In this case I have only used FME on 3 script components and added some images into the header.
Potentially other components such as gradient colors and styling can also be directly manipulated.

The Netherlands - highway location markers heat map.

Wednesday, October 1, 2014

Georeferencing evaluation with FME.

FME and data evaluation.

FME is a great tool to validate and evaluate data (next to the many things you can do with FME)
There are plenty of resources available on the subject demonstrating FME's data validation and Q&A capabilities.

Data evaluation can involve different aspects and have many forms.
For this post I choose to evaluate how well a publicly available data set can be georeferenced (if you can add value to it and put it on a map, why shouldn't you...)
For any serious conclusions, you'll have to work it out yourself, since my main intention is to demonstrate FME capabilities (and not bad mouth anybody particularly...)

Data source.

The Dutch government publishes many data sets openly and the numbers are increasing all the time.
I choose to use the data set of the national education registry since it is highly dynamic and it contains addresses, which makes it possible to potentially georeference the features.

The data used is available in csv format, which can easily be accessed online via the CSV reader (just point it to the url). For limiting sorting and filtering the incoming data, see my previous post: Where clause on text.
This results in a continuously updated data source, which is great to have but poses a challenge when displaying the results.

 Georeferencing the data.

    For georeferencing the source data I am using the BAG Geocoding service, available via the National SDI.
    An easy way in FME to access the service is by a HTTPFetcher transformer.
    By constructing the URL in the transformer's text editor and making use of attributes values, a very flexible solution is created.

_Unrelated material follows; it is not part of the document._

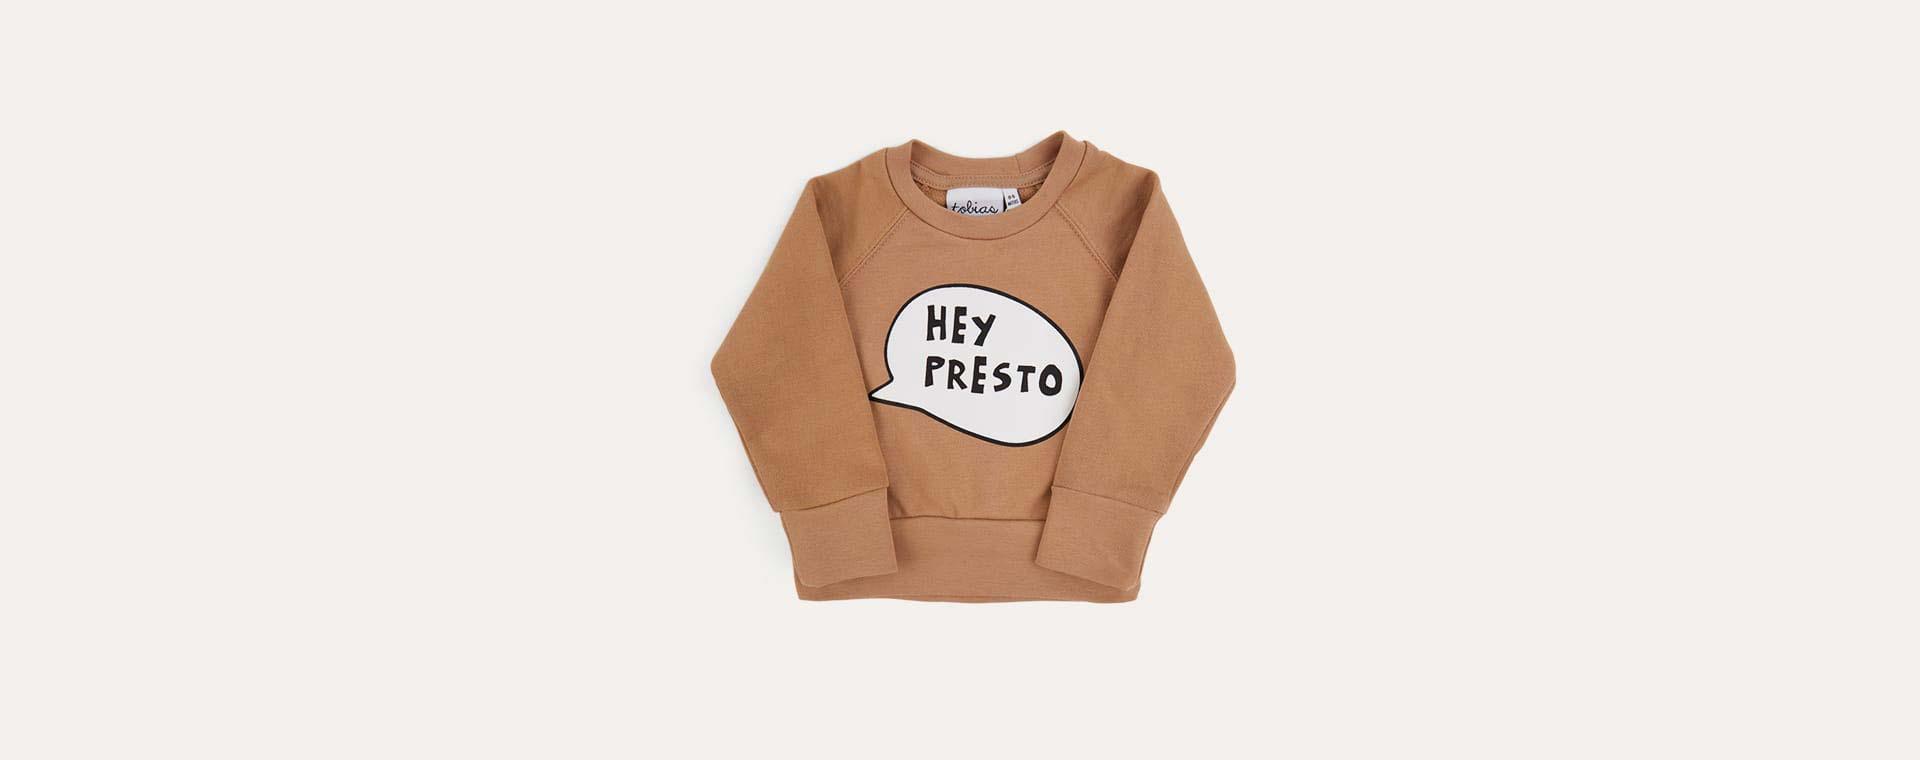 Neutral tobias & the bear Hey Presto Sweatshirt

    BAG Geocoding service results.

    The BAG Geocoding service returns the location(s) in an XML snippet that translates into geometry and attributes. In case of ambiguity or lack of sufficient input, the service returns an aggregate geometry.
    Somewhere in the aggregate geometry the corresponding location and attributes can be found (well most of the times...)
    Using the total count of both georeferenced and failed features, simple statistics (percentage of correct georeferencing) can be gathered and used for display.


    Interpreting the results.

    Some of the 'failed' to georeference features do actually exist (BAG Web) and can be correctly geocoded by slightly changing the address used, see for example georeferenced (note the street tag) and not georeferenced (note URL used =  input address)

    Displaying the results.

    I am using Google Fusion Tables to display  the results since it is an easy way to share geographical information (article is in dutch)
    Also non-spatial data can be shared this way and the failed features are saved into a non-spatial Google Fusion Table. Needless to say FME supports both spatial and non spatial reading and writing of this format.
    Some limitations of this format are the number of features supported and that it is still considered an experimental format, something that unfortunately makes it less reliable.
    As mentioned before the input source data is updated frequently and in contrast the displayed results are static and present a moment in time.

    Map of results, created 1-10-2014.

    Findings and (possible) future developments.

    A way to keep the displayed results up to date would be to use FME Cloud, something I still have not got around to try. I imagine that using FME Cloud to run this workspace would not require almost any resources or adaptations, since most of the data is on-line.
    Some of the finding are:

    • Saving the source csv data is necessary due to memory issues (something that is easily done in the HTTPFetcher)
    • Another curious issue found is that using the postcode in the request string actually results in less features georeferenced.
    Don't forget that by the time you read this post the output might look very different.